THE TEAM – Chase Joynt (Director/Writer) & Morgan M. Page (Writer)​


​By Cody Dericks

With documentary filmmaking, how the story is told is just as important to the success of the film as to how engaging the subject itself is, if not more. “Framing Agnes,” the new documentary from Chase Joynt, blows open what are already becoming typified mainstream talking points of transgender culture and identity through an atypical structure and format that even manages to comment on the film’s deconstructivist perspective subtly. It is a challenging film that expects its audience to sit up with their brains fully activated the entire time; for those watching who are tuned into its wavelength, the intellectual rewards are plenty.

The clever central concept for the film revolves around a scripted talk show in the style of 1950s programs, such as “The Mike Wallace Interview.” The dialogue for these staged conversations, led by the director, comes from a series of interviews of trans individuals, which Harold Garfinkel of UCLA conducted over half a century ago. Notably, these files were hidden away in a file cabinet that had been rusted shut by time, requiring the filmmakers to pry open history quite literally in order to find what they were looking for. Standing in for the folks being interviewed are a host of talented actors. The film peppers snippets of these conversations throughout, accurately portrayed with period-appropriate costumes and shot in black-and-white, while also showing testimonials from the trans actors and gender identity experts wherein the themes and topics of the archival transcripts are fleshed out and given further context.
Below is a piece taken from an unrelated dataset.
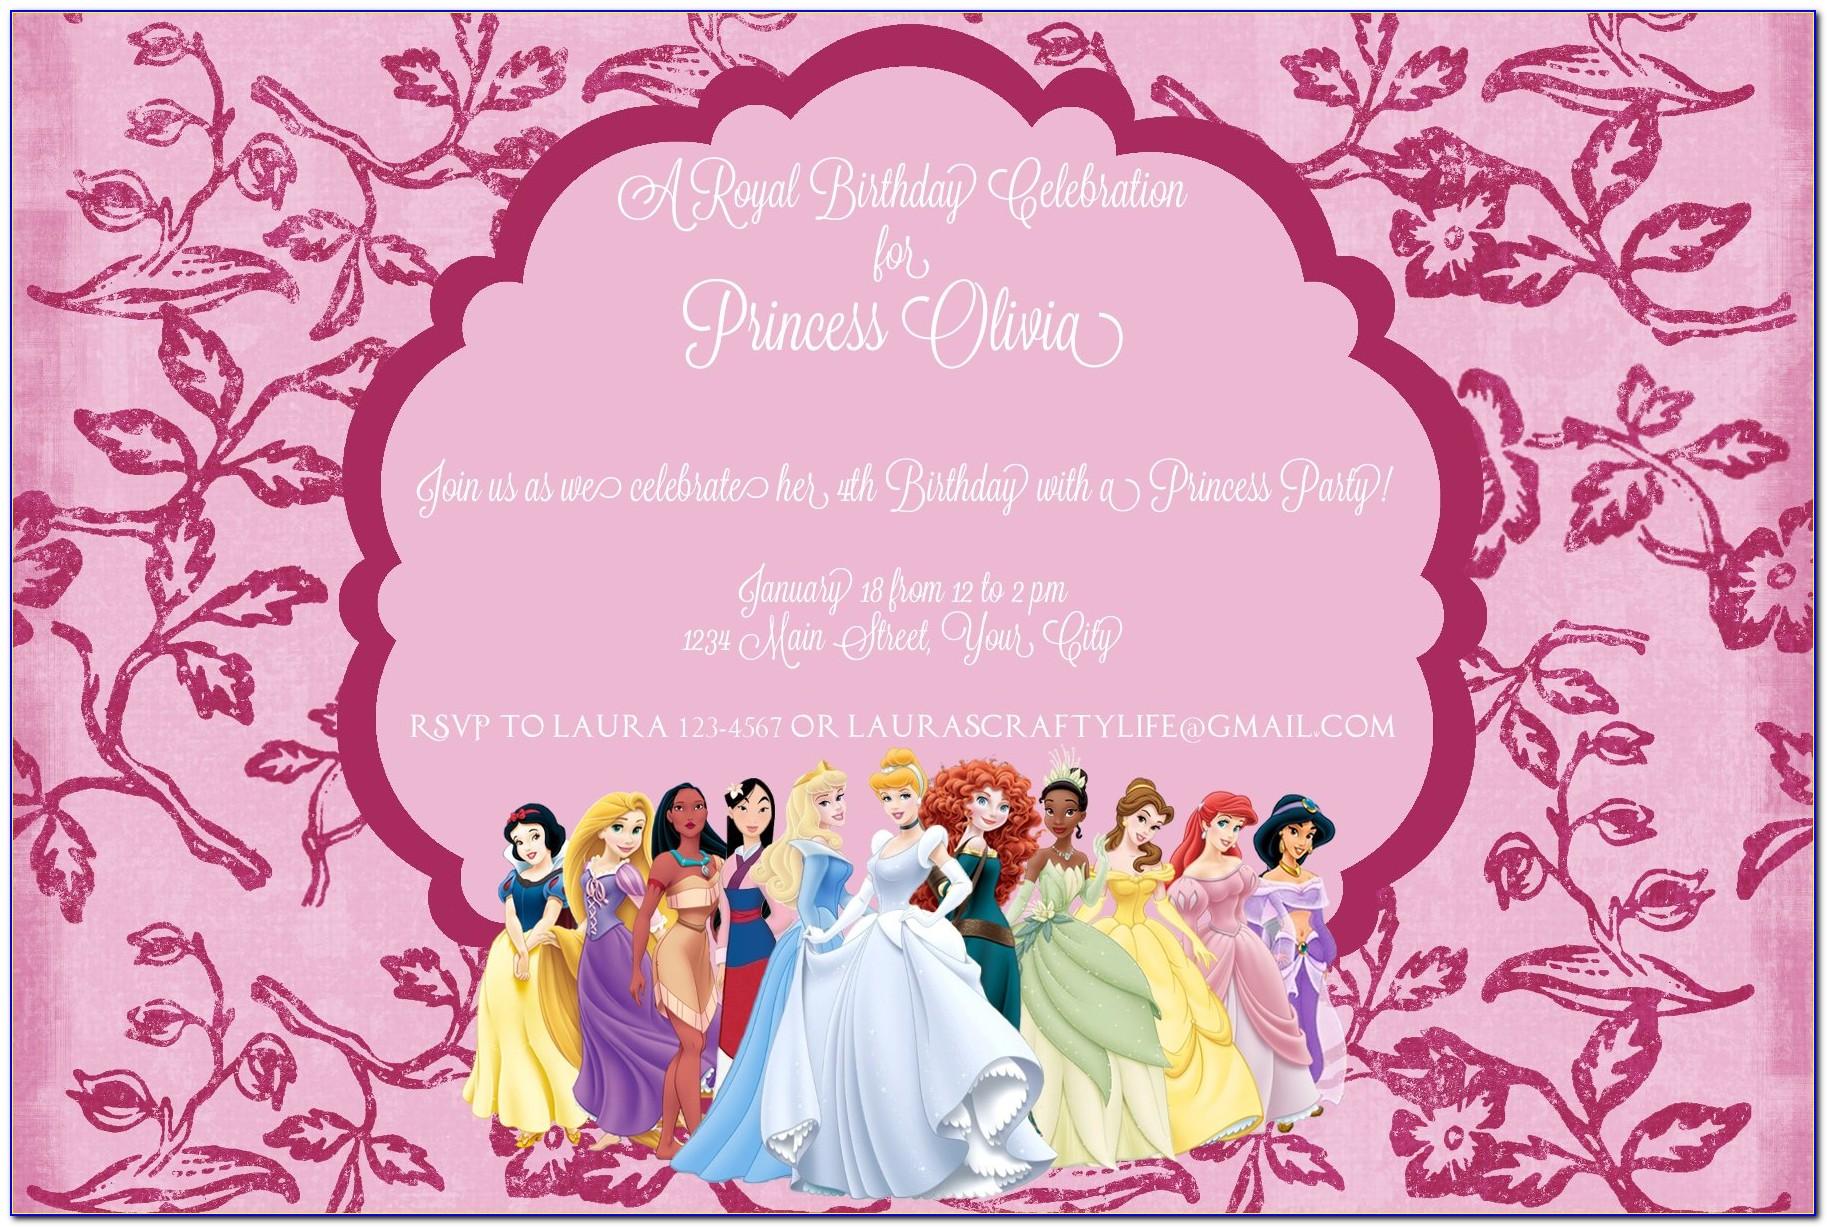 Princess Party Invitations Templates Free

The film’s format takes a bit of getting used to. It quickly jumps into the talk show conversations without much explanation and spends nearly as much time discussing the project of the film and the interviews as showing the interviews themselves, which can make it a bit tricky to find a solid foundation upon which to base the focus of the film. However, once it settles into this atypical structure, it manages to achieve the magic trick of saying something about the content of the film itself. When so many of the discussions depicted, both from the past and the present day, revolve around the idea of looking at and challenging what is viewed by many as the expected norm, such a refreshingly unconventional filmmaking approach works perfectly.

There is something about listening to intelligent people speak in a highly intellectual manner that can make the listeners feel smarter by mere proximity. The speakers in “Framing Agnes” do just that. These experts lay out their opinions and discoveries with incredible focus and clarity, making many astute points and relaying personal observations that bring an individualistic touch to the theories and findings on gender being discussed. To put it simply, several points are made.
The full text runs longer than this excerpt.